It still seems to be capturing /eɪ/ in accreditation. What gives? The reason this is happening is that quantifiers like + are greedy by default. That means they will match as much as they can. And because /eɪ/ is optional, (.+) can match it.

To make sure it doesn’t match it if it doesn’t need to, we can make the quantifier non-greedy by appending a ?.
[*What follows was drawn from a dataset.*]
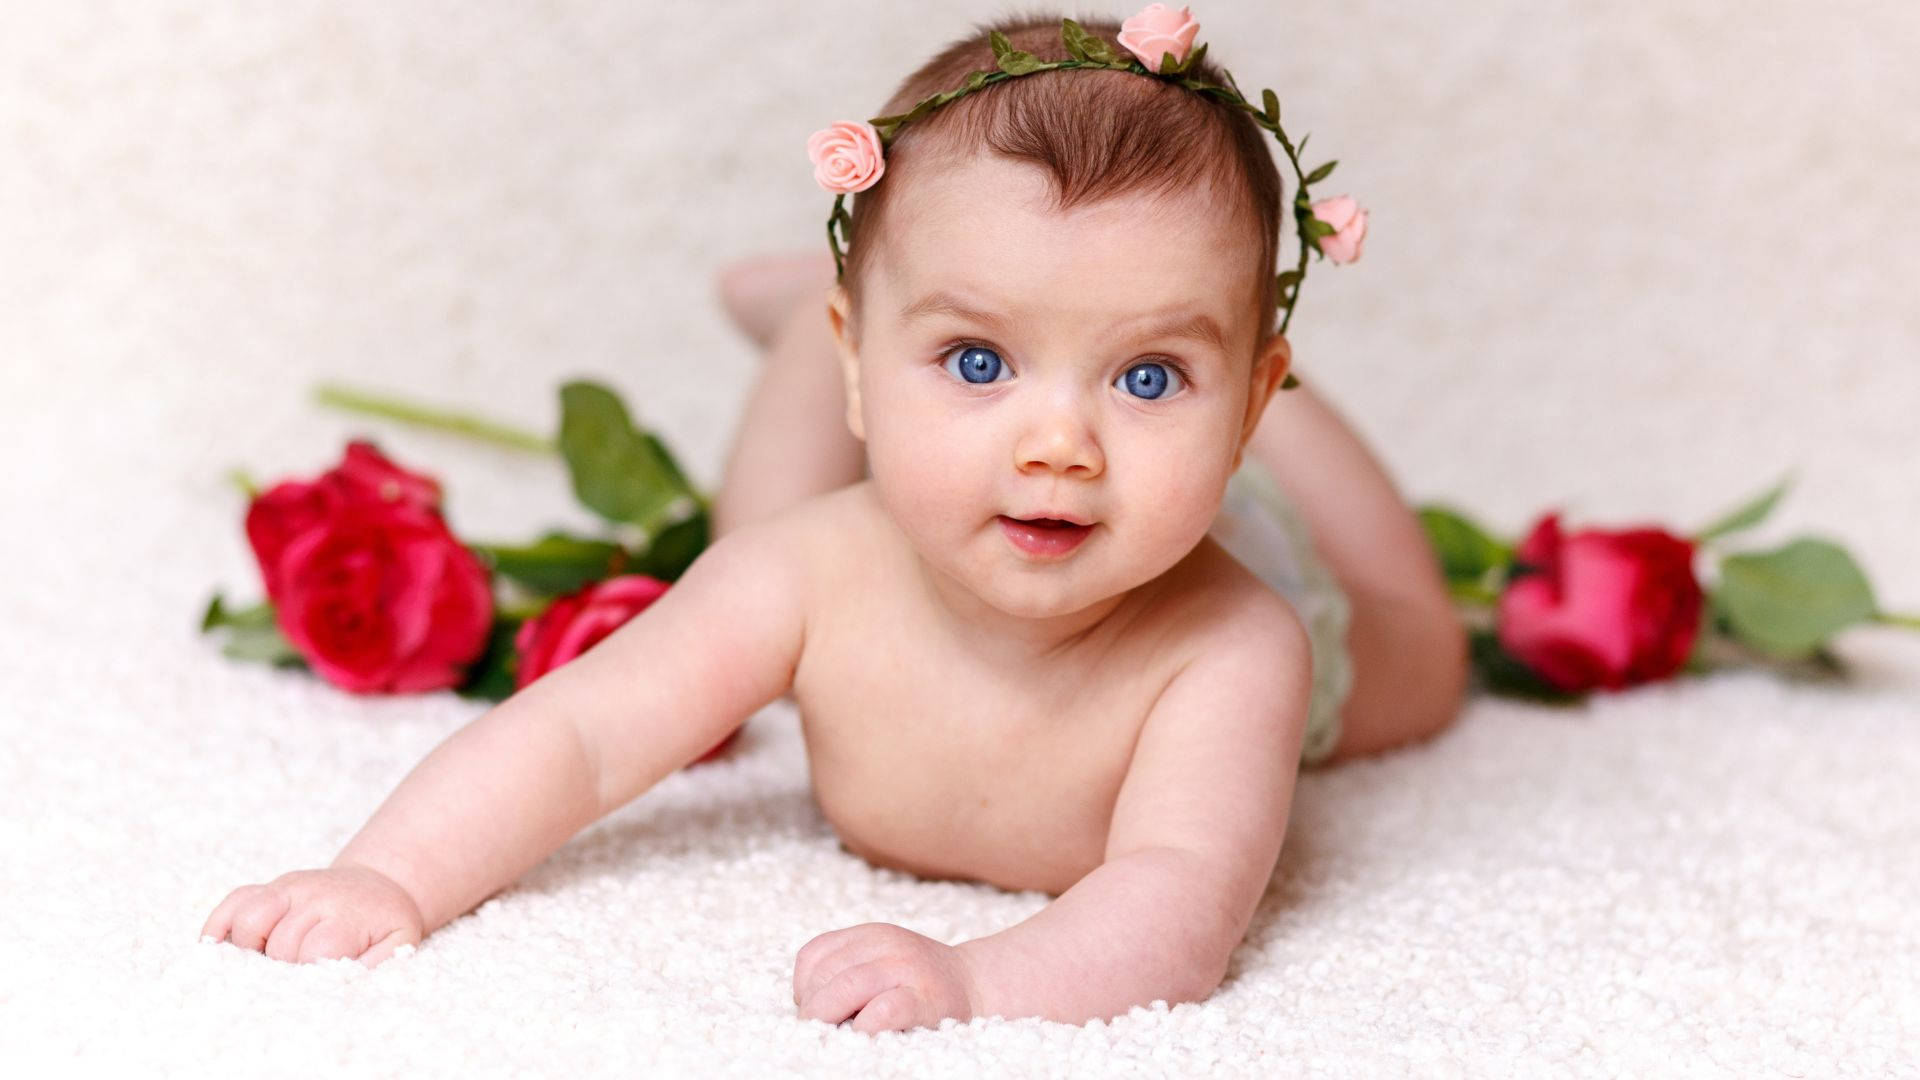 Baby Photography Posing With Roses Wallpaper
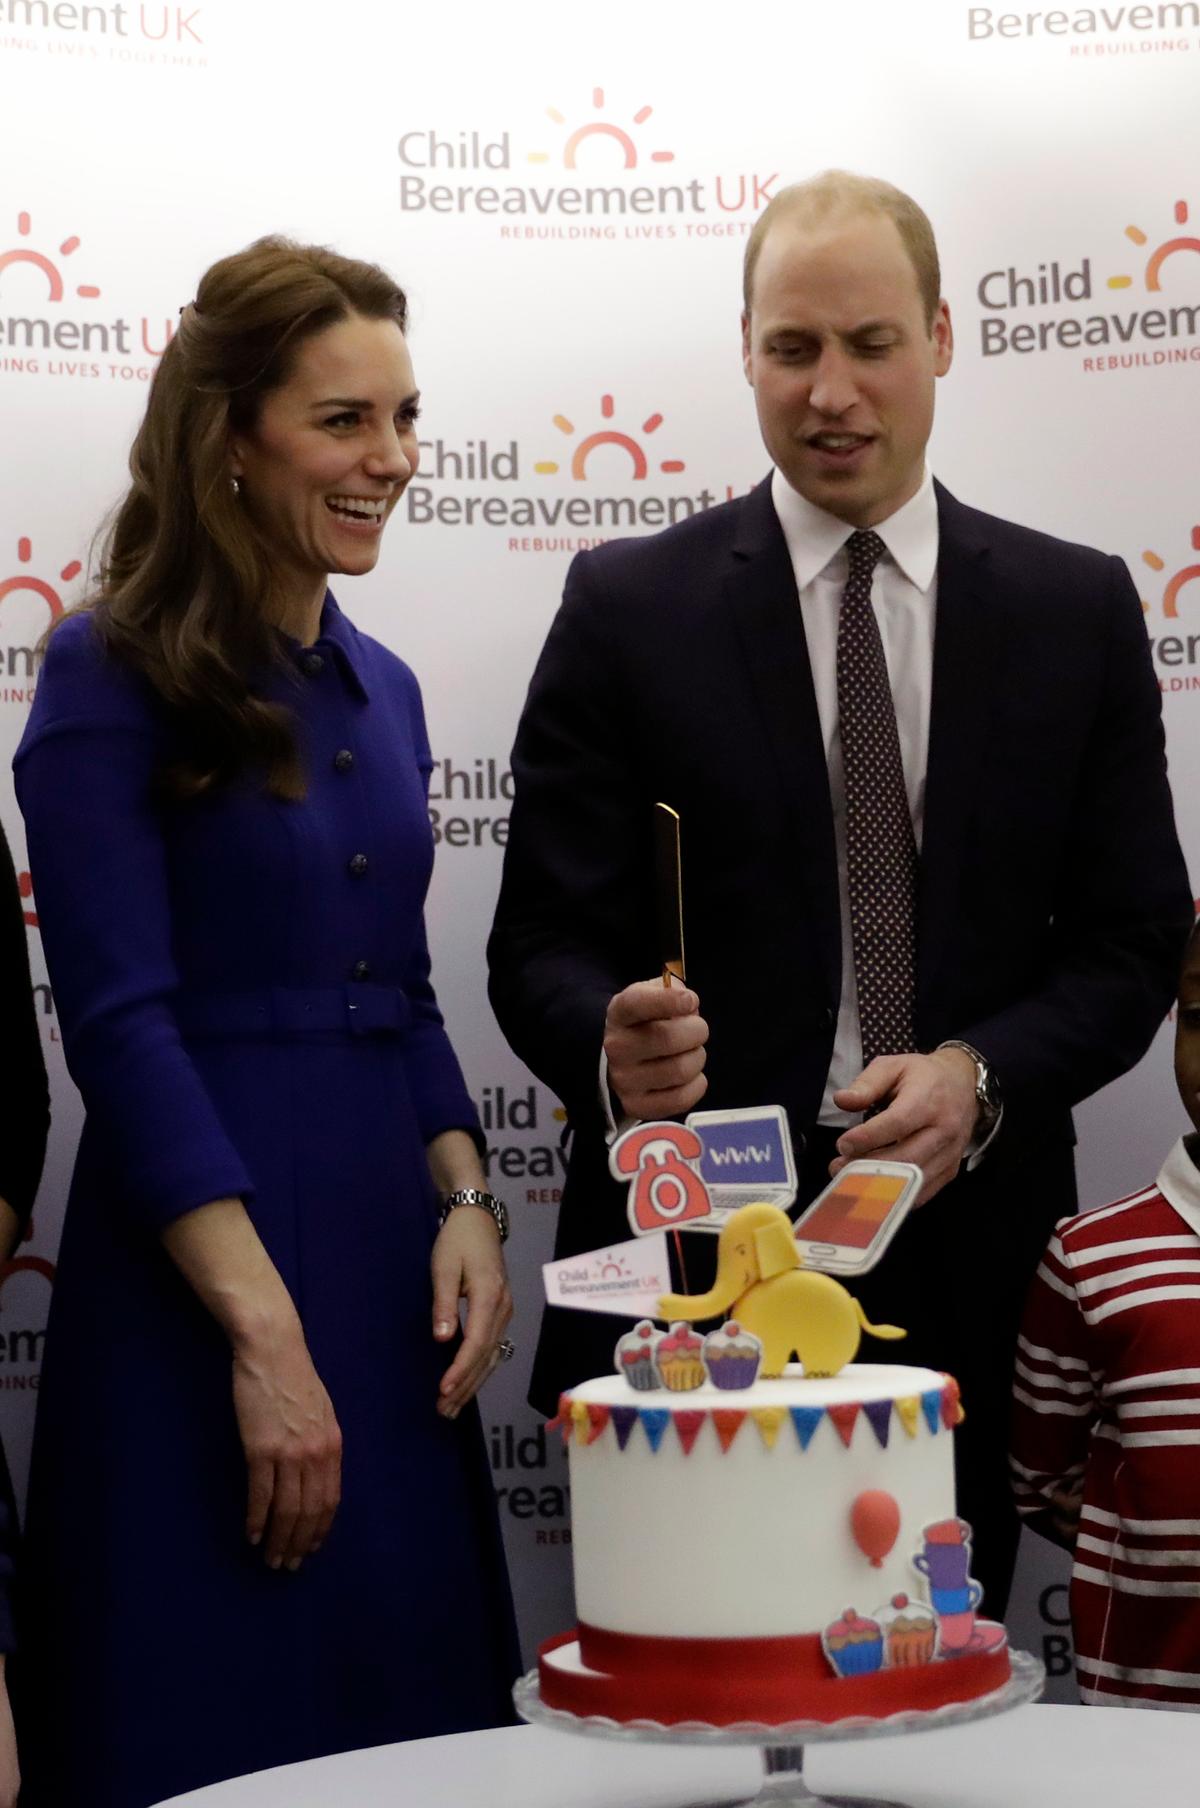 Britain's Prince William and his wife Kate the Duchess of Cambridge at a Child Bereavement UK Centre in Stratford in east London on Jan. 11, 2017. (AP Photo/Matt Dunham, Pool)

regex_ʃən = '(.+?)(?:eɪ)?ʃən'

n_matches = 0

for w, ipa in entries.items():
    if re.fullmatch(regex_ʃən, "".join(ipa)):
        if n_matches < 30:
            n_matches += 1
            print("".join(ipa), re.findall(regex_ʃən, "".join(ipa)), f"({w})")
        else:
            print("...")
            break

əbɹivieɪʃən ['əbɹivi'] (abbreviation)
æbdɪkeɪʃən ['æbdɪk'] (abdication)
æbdəkʃən ['æbdək'] (abduction)
əbdəkʃən ['əbdək'] (abduction(1))
æbɝeɪʃən ['æbɝ'] (aberration)
əbleɪʃən ['əbl'] (ablation)
əbluʃən ['əblu'] (ablution)
æbnɛgeɪʃən ['æbnɛg'] (abnegation)
æbəlɪʃən ['æbəlɪ'] (abolition)
əbɑməneɪʃən ['əbɑmən'] (abomination)
əbɔɹʃən ['əbɔɹ'] (abortion)
æbɹəgeɪʃən ['æbɹəg'] (abrogation)
æbsəluʃən ['æbsəlu'] (absolution)
əbzɔɹpʃən ['əbzɔɹp'] (absorption)
əbsɔɹpʃən ['əbsɔɹp'] (absorption(1))
əbstɛntʃən ['əbstɛnt'] (abstention)
æbstɛntʃən ['æbstɛnt'] (abstention(1))
æbstɹækʃən ['æbstɹæk'] (abstraction)
ækədəmɪʃən ['ækədəmɪ'] (academician)
æksɛlɝeɪʃən ['æksɛlɝ'] (acceleration)
əksɛʃən ['əksɛ'] (accession)
ækləmeɪʃən ['ækləm'] (acclamation)
ækləmeɪʃən ['ækləm'] (acclimation)
əkɑmədeɪʃən ['əkɑməd'] (accommodation)
əkɹɛdəteɪʃən ['əkɹɛdət'] (accreditation)
əkɹiʃən ['əkɹi'] (accretion)
əkjumjəleɪʃən ['əkjumjəl'] (accumulation)
ækjəzeɪʃən ['ækjəz'] (accusation)
ækjuzeɪʃən ['ækjuz'] (accusation(1))
əsɪdəfəkeɪʃən ['əsɪdəfək'] (acidification)
...

Okay. So how do we deal with cases where /ʃən/ is not a morpheme? One thing we can do is to look for stems that show up without /ʃən/. This will exclude passion, since /pæ/ is not a word.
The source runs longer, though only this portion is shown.